The long search for Paul Otellini’s successor by microprocessor vendor Intel Corp. has come to an end. And it has found two successors: Brian Krzanich and Renée James.
Intel said Thursday that it has tapped Krzanich, Intel’s COO since January of 2012, to become the company’s sixth CEO. He’ll take on the new role on May 16, when Otellini officially steps down. Krzanich joined in 1982 and began a steady rise through the ranks.
“Brian is a strong leader with a passion for technology and deep understanding of the business,” said Intel chair Andy Bryant, in a statement. “His track record of execution and strategic leadership, combined with his open-minded approach to problem solving has earned him the respect of employees, customers and partners worldwide. He has the right combination of knowledge, depth and experience to lead the company during this period of rapid technology and industry change.”

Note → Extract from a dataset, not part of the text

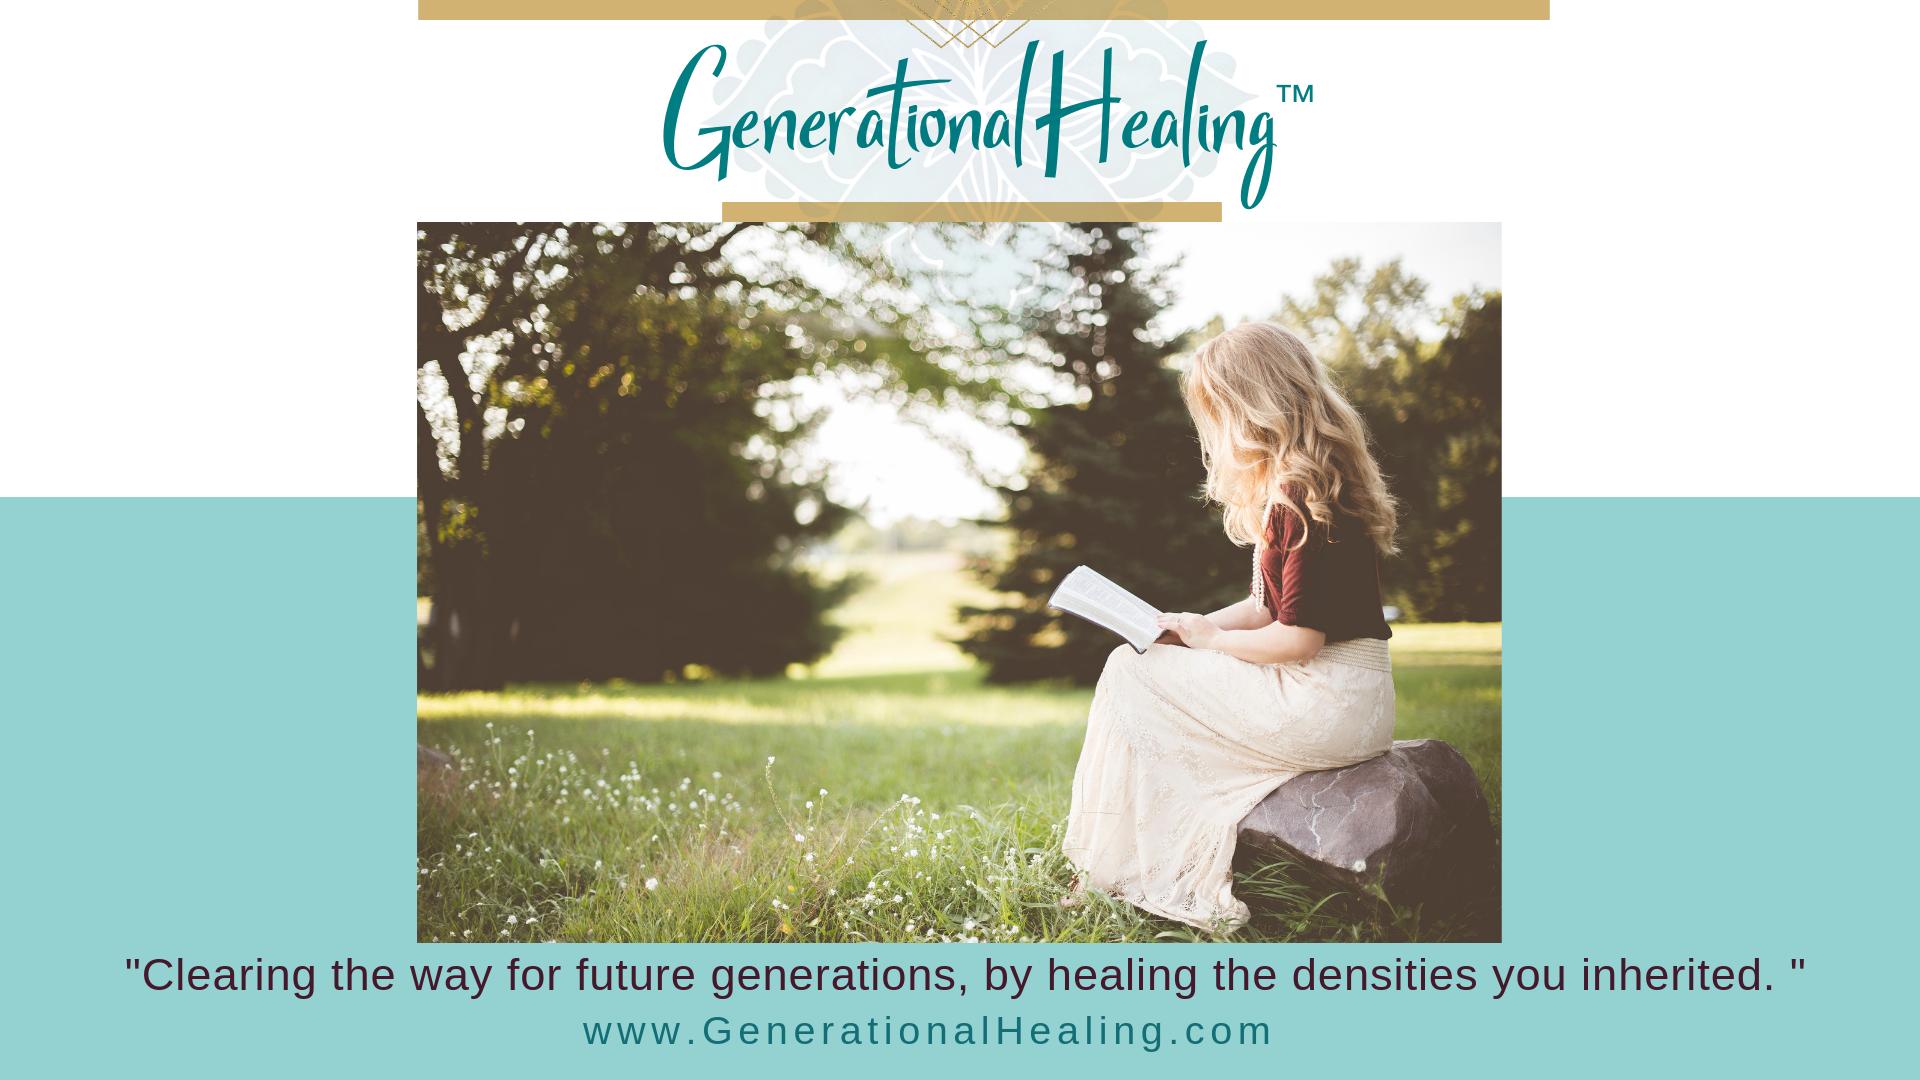 sarah christine generational healing™

Krzanich began with Intel as a process engineer, and as COO since January 2012 he led over 50,000 employees across Intel’s Technology and Manufacturing Group, Intel Custom Foundry and several other organizations.

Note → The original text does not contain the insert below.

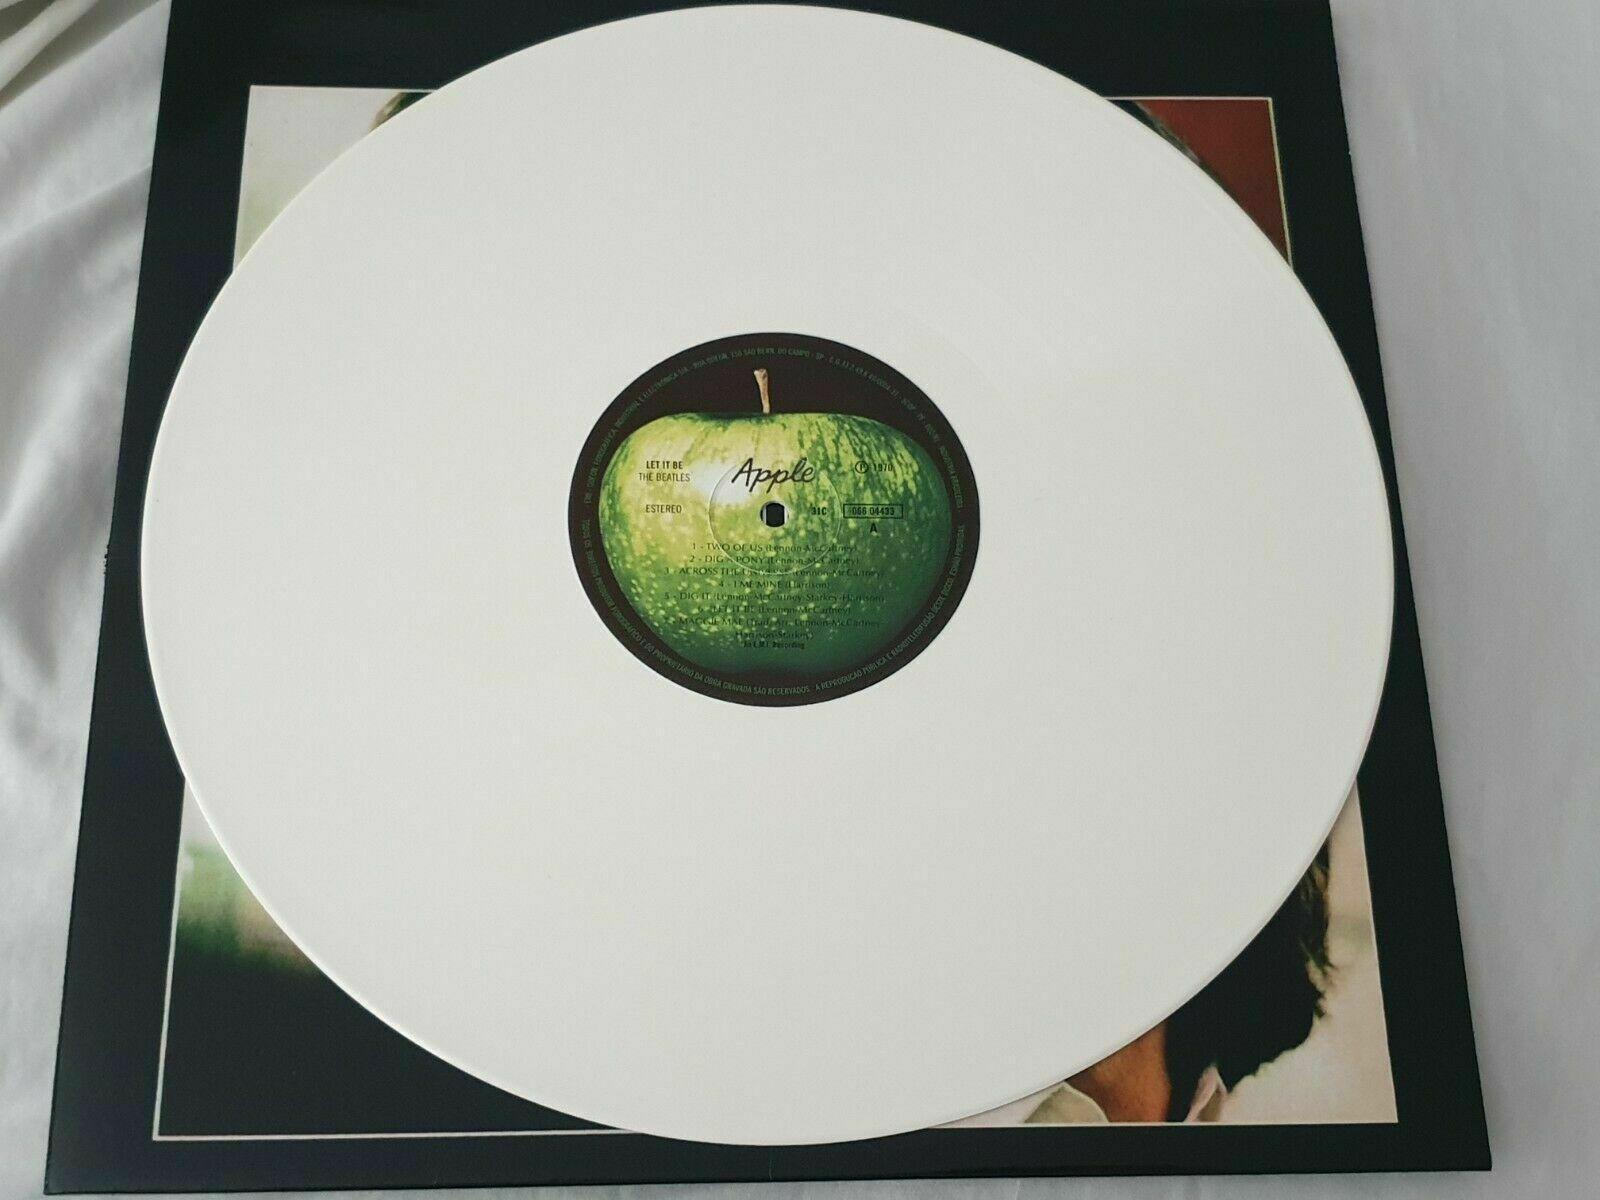 The Beatles - Let It Be - White Vinyl - Brazil - New/Unplayed

“I am deeply honored by the opportunity to lead Intel,” said Krzanich. “We have amazing assets, tremendous talent, and an unmatched legacy of innovation and execution. I look forward to working with our leadership team and employees worldwide to continue our proud legacy, while moving even faster into ultra-mobility, to lead Intel into the next era.”

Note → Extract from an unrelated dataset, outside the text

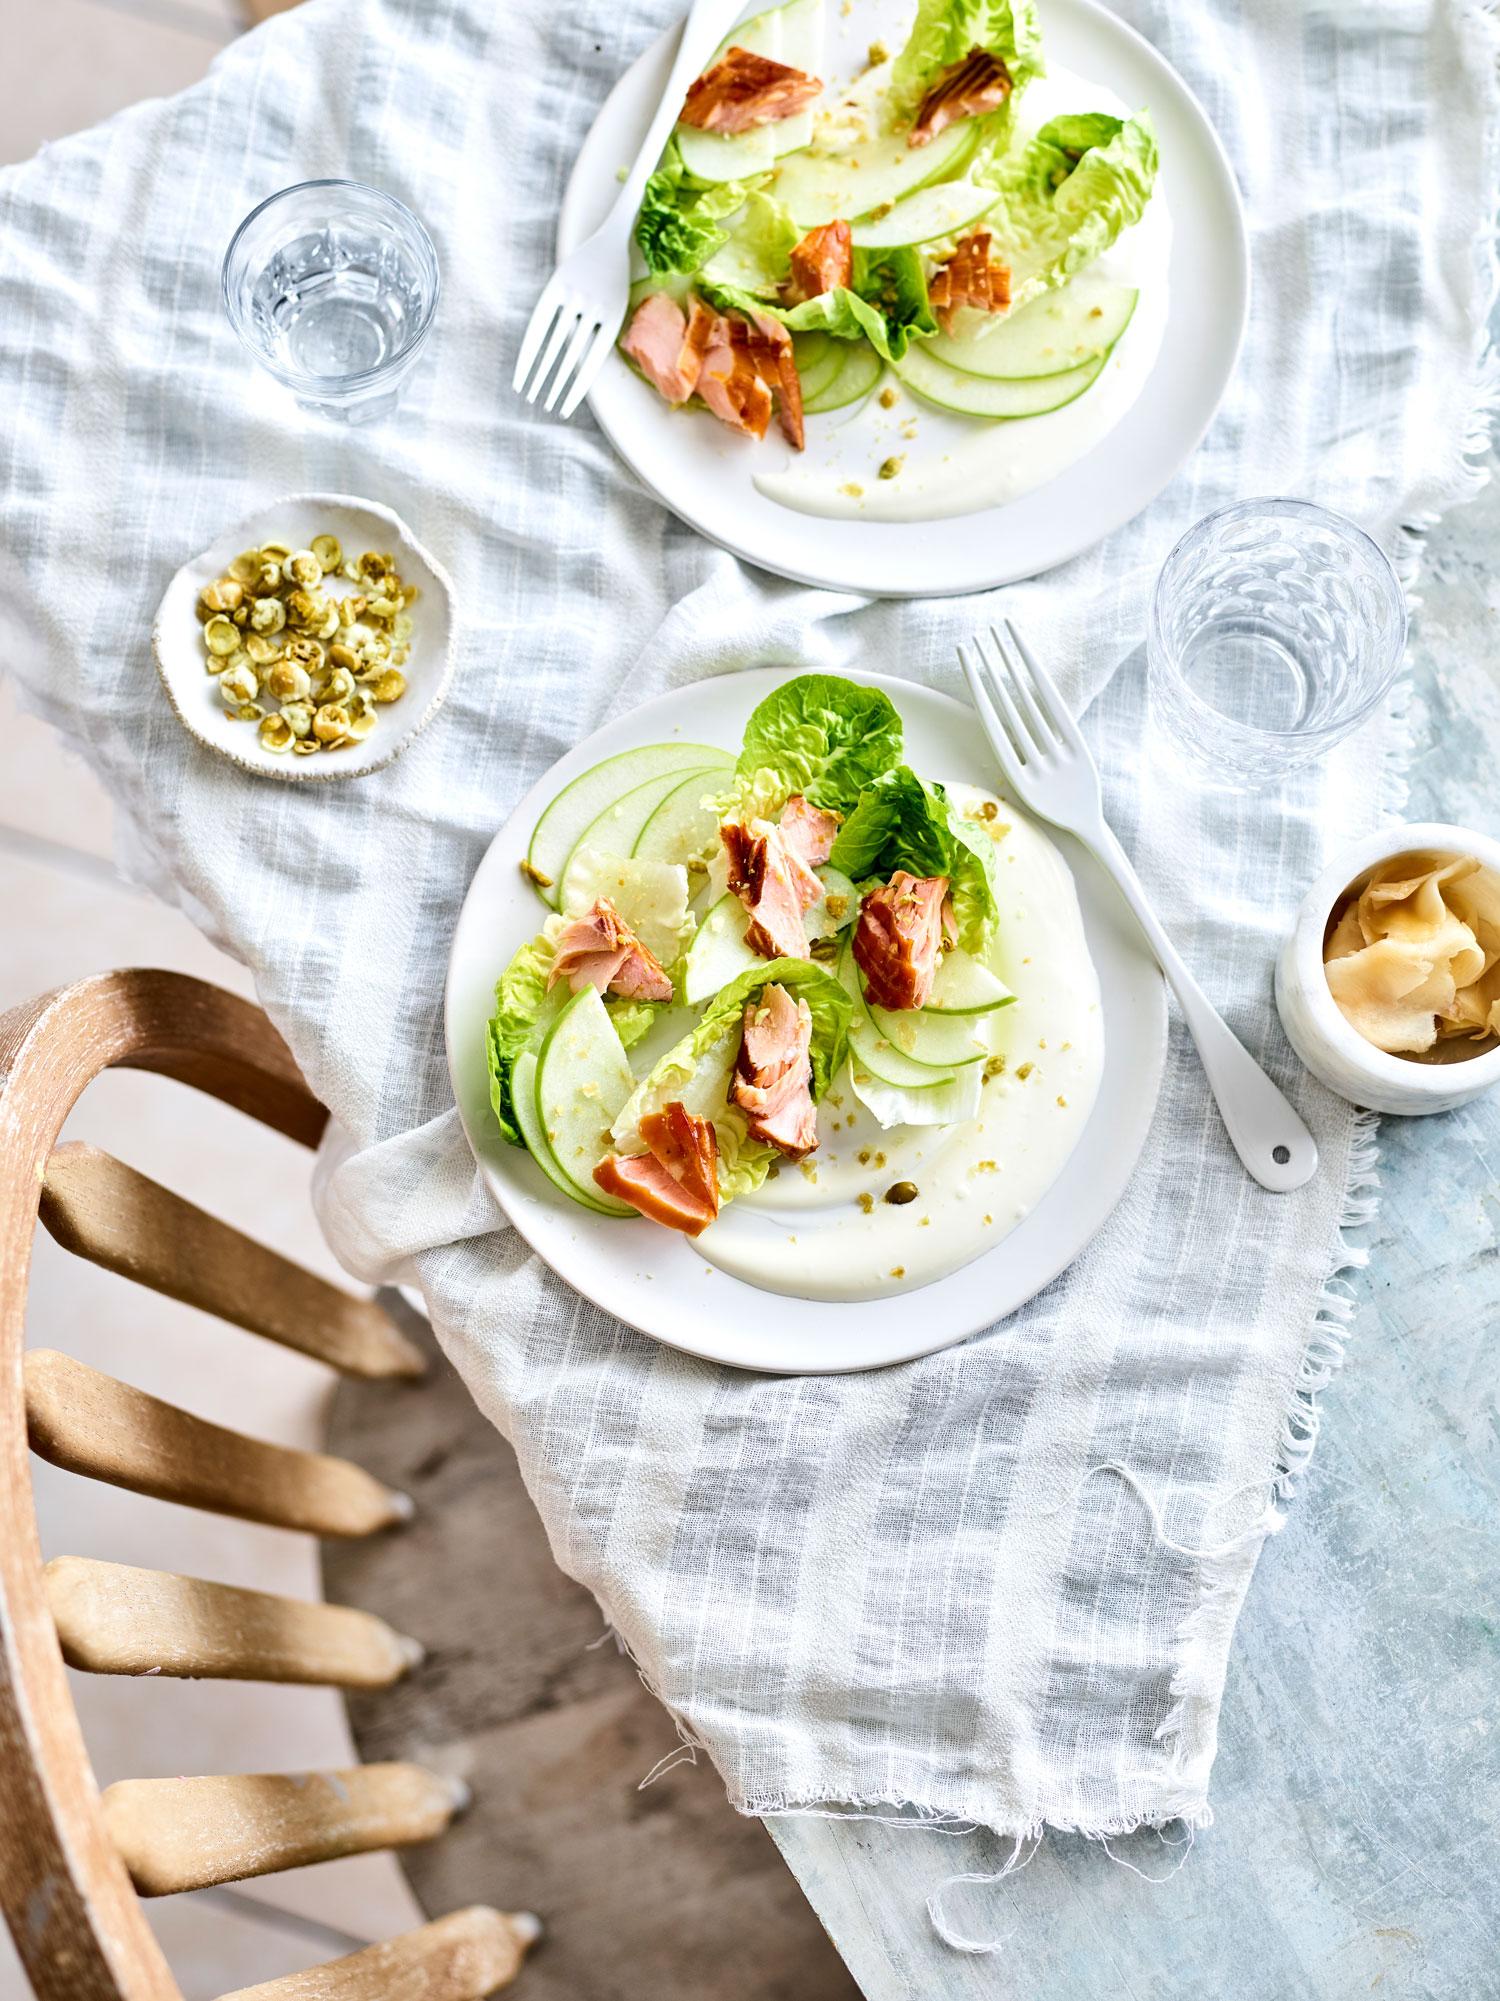 Hot-smoked-salmon-and-wasabi-peas copy

James is another Intel veteran, with 25 years at the vendor and its subsidiaries. She has held product R&D leadership positions, and as head of the software and services group had responsibility for havoc, McAfee and Wind River.
“I look forward to partnering with Renée as we begin a new chapter in Intel’s history,” said Krzanich. “Her deep understanding and vision for the future of computing architecture, combined with her broad experience running product R&D and one of the world’s largest software organizations, are extraordinary assets for Intel.”
Intel plans to run a two-person executive office, and the pair will have a tough act to follow. Otellini joined Intel in 1974, and has led the company as president since 2002, adding the CEO title in 2005. He’s led the vendor through a period of technological upheaval, including shifting form factors, and competition from new rivals.